Ongoing research documenting how Lyme disease can impact multiple systems in the body should eventually halt any controversy over whether the long-term symptoms some Lyme disease patients report are indeed “all in their heads.”
In fact, the brains of some Lyme disease patients may sustain ongoing inflammation from Lyme disease.
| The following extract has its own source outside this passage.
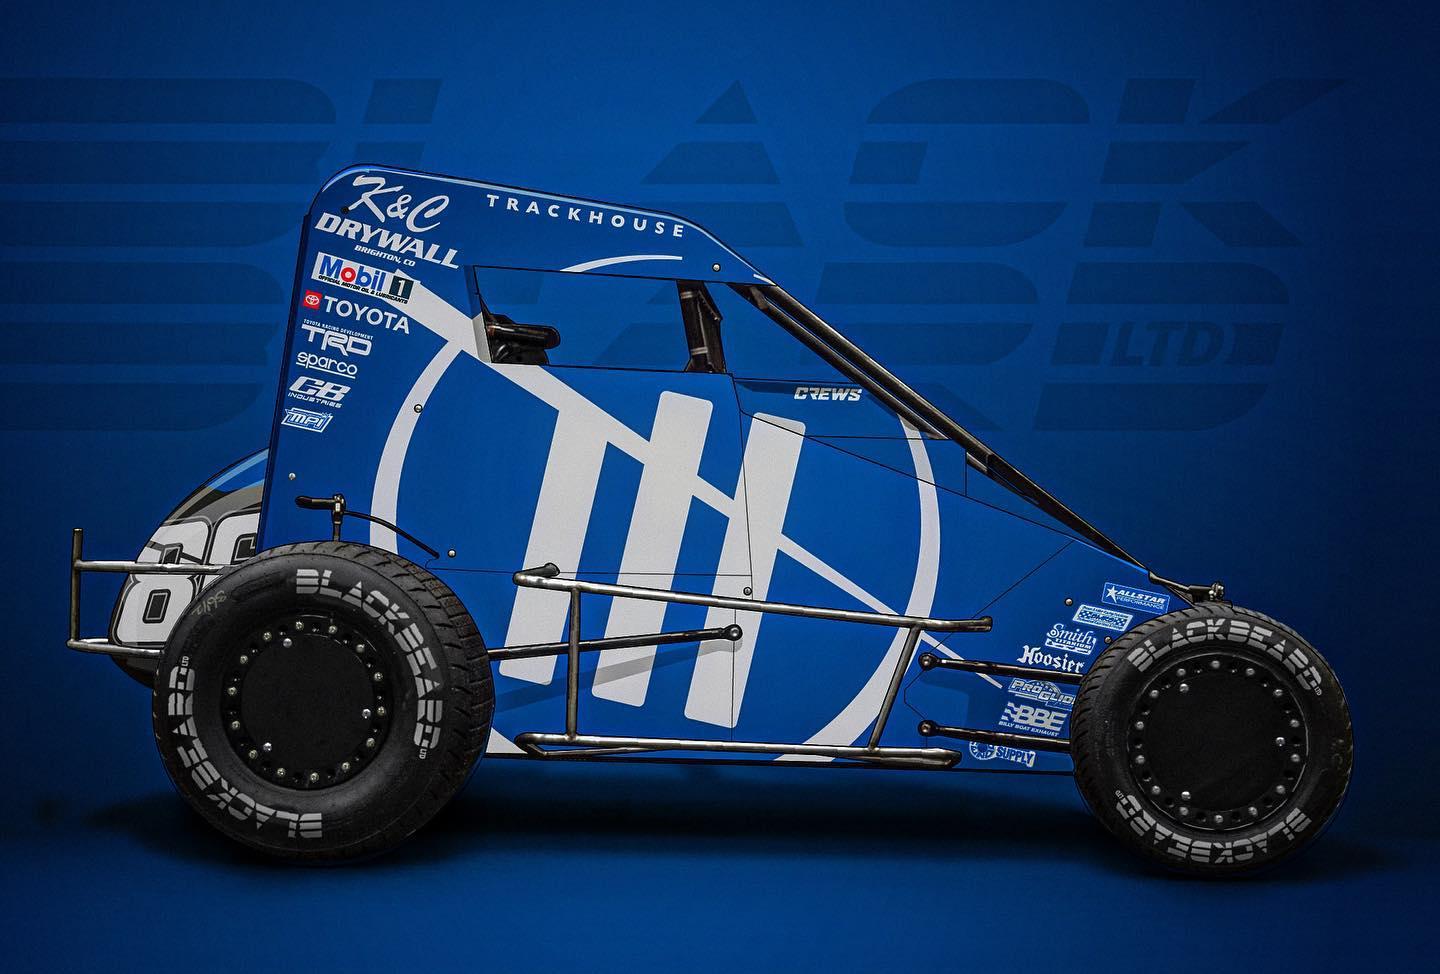 Preview of Brent Crews 2022 trackhouse chili bowl midget numbered by Gage Stevens

Johns Hopkins Lyme Disease Research Center scientists, using an advanced form of brain scan, have found elevation of a chemical marker of widespread brain inflammation in people with lingering “brain fog” and other problems association with PTLDS, compared to healthy controls — despite the Lyme patients completing treatment with antibiotics.
The Johns Hopkins team has also discovered infection with Borrelia burgdorferi, the bacteria that causes Lyme disease, can combine with genetic susceptibility to autoimmune diseases. This may be what triggers Lyme arthritis and potentially other autoimmune-type manifestations of Lyme disease in some people.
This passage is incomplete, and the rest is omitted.